** What is required **
Locate the line bearing "ECOSYS P7240cdn Printer" in the material below, then reproduce it and each following line up to and including the line bearing "Caption Atari, gray background".

** Dataset records **

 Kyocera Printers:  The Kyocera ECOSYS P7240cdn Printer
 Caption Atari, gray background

...

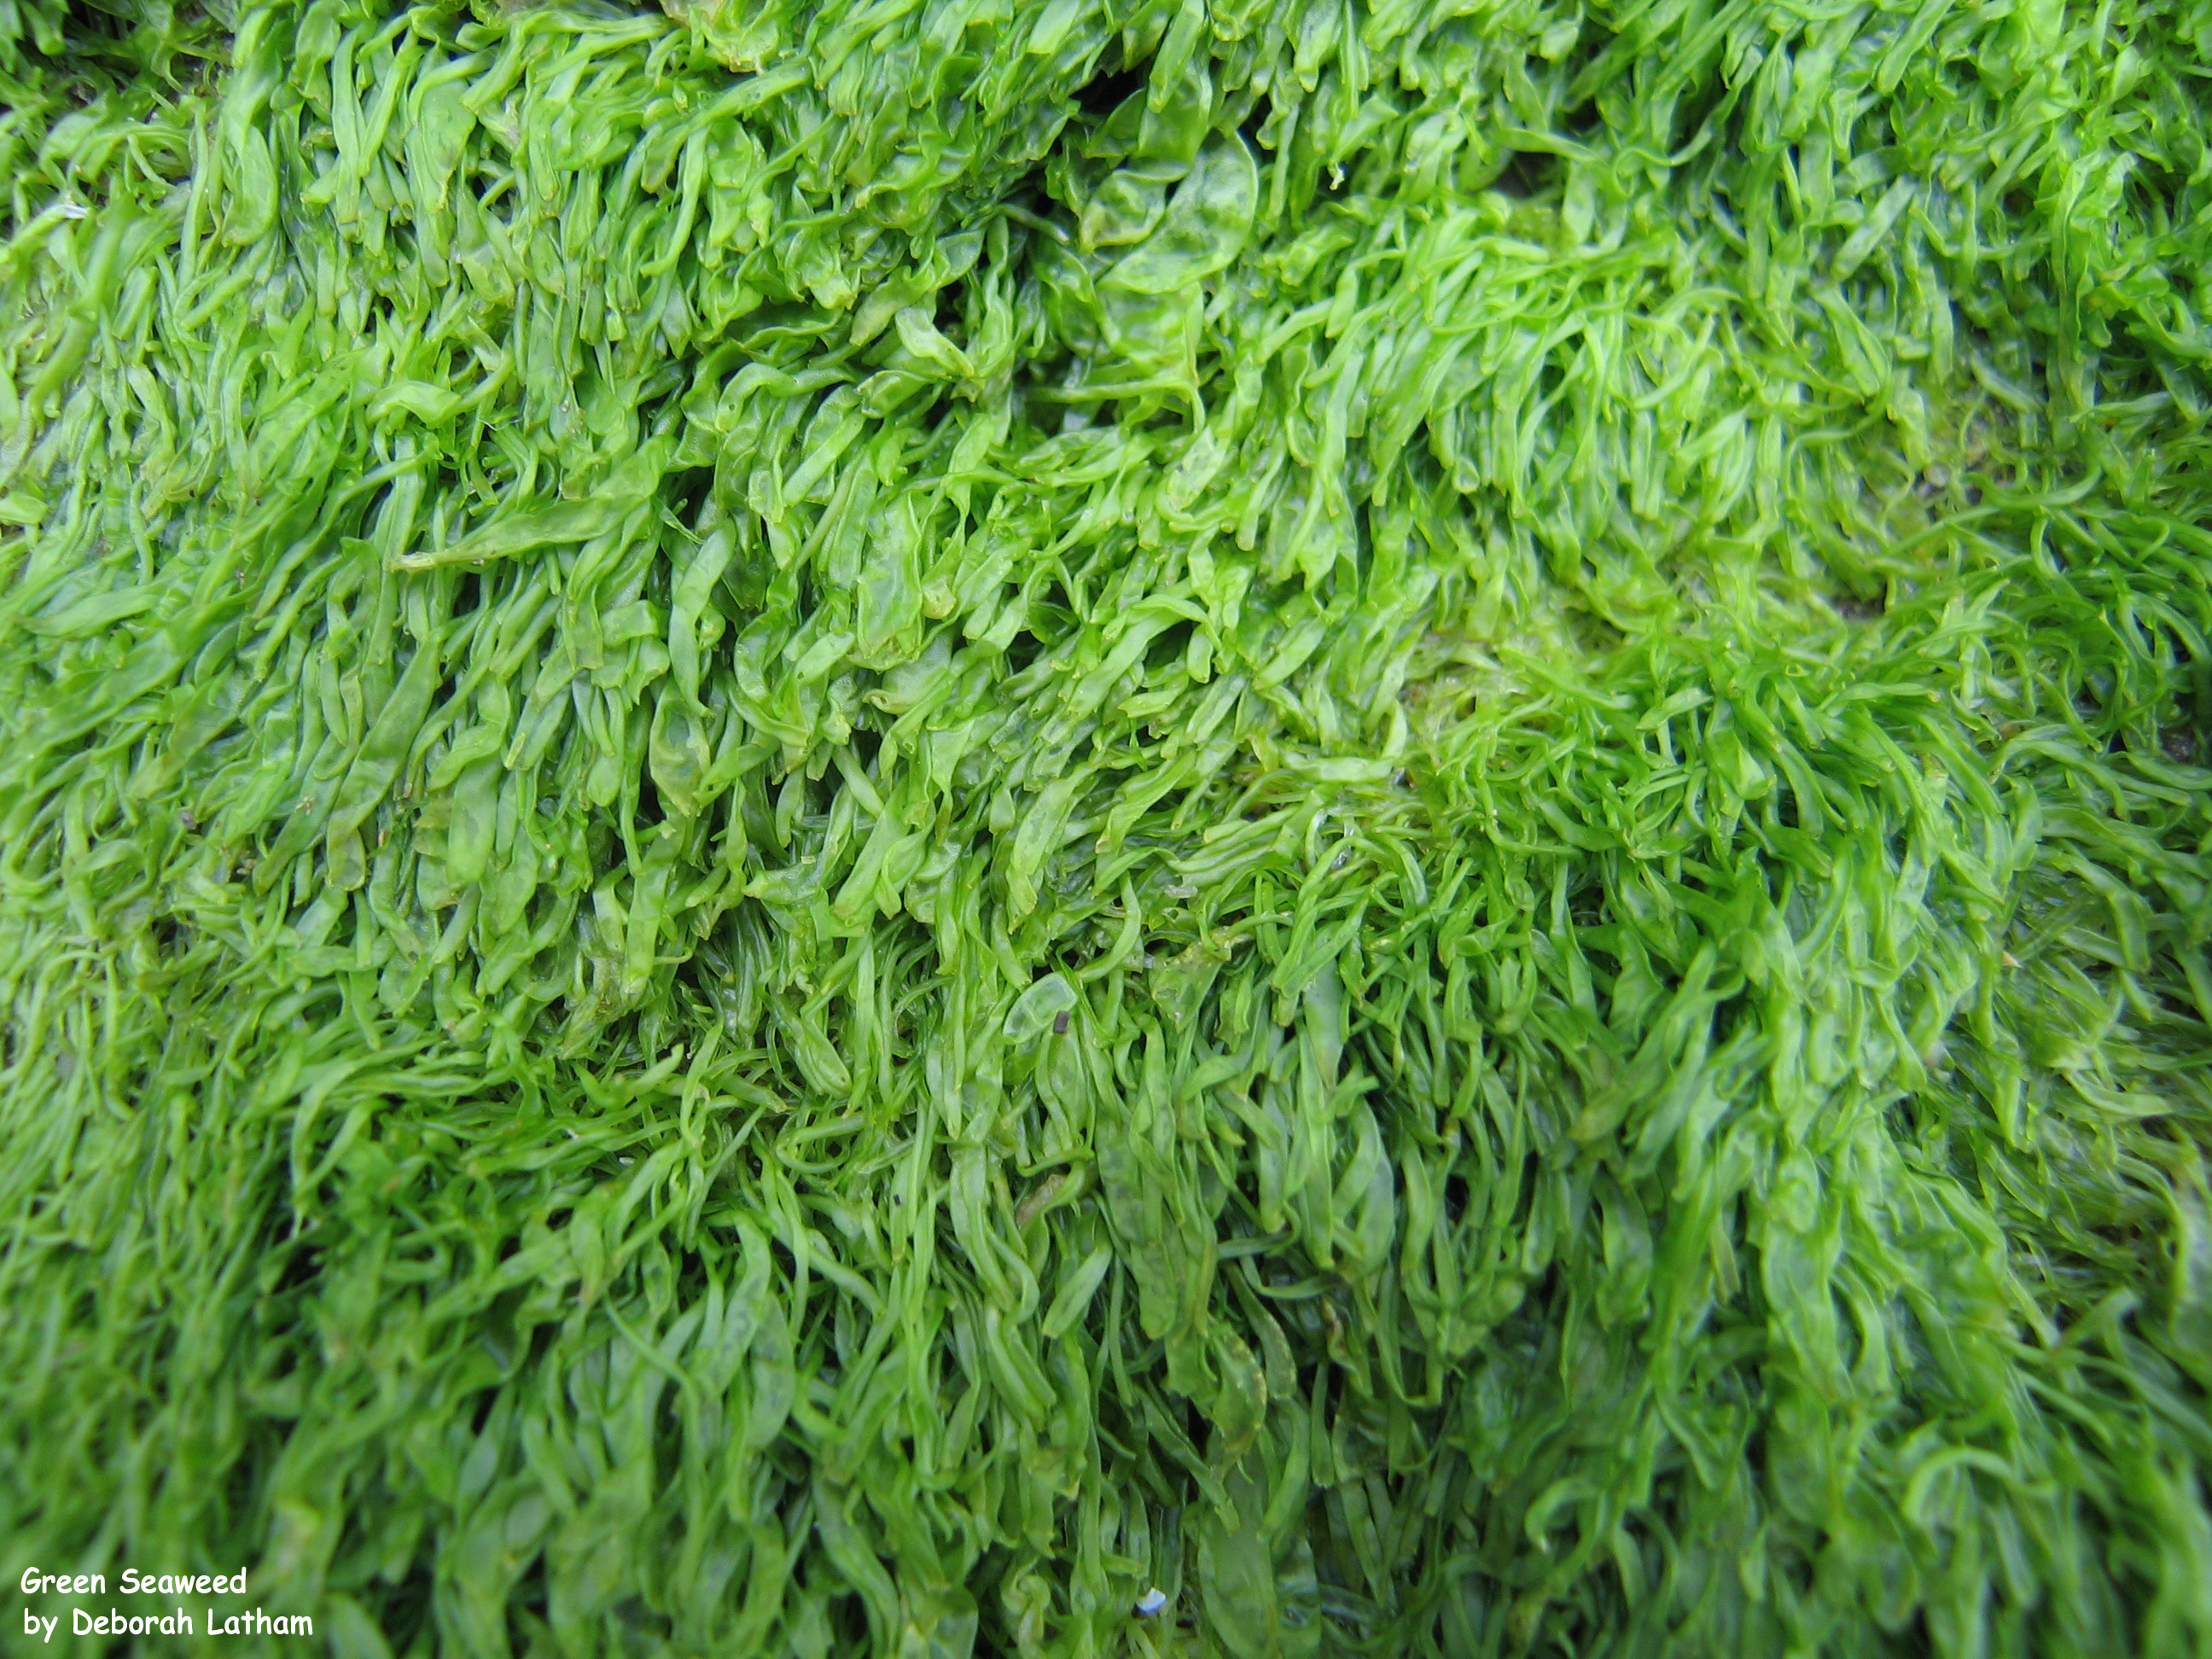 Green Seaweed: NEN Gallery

** Output for this exercise **
 Kyocera Printers:  The Kyocera ECOSYS P7240cdn Printer
 Caption Atari, gray background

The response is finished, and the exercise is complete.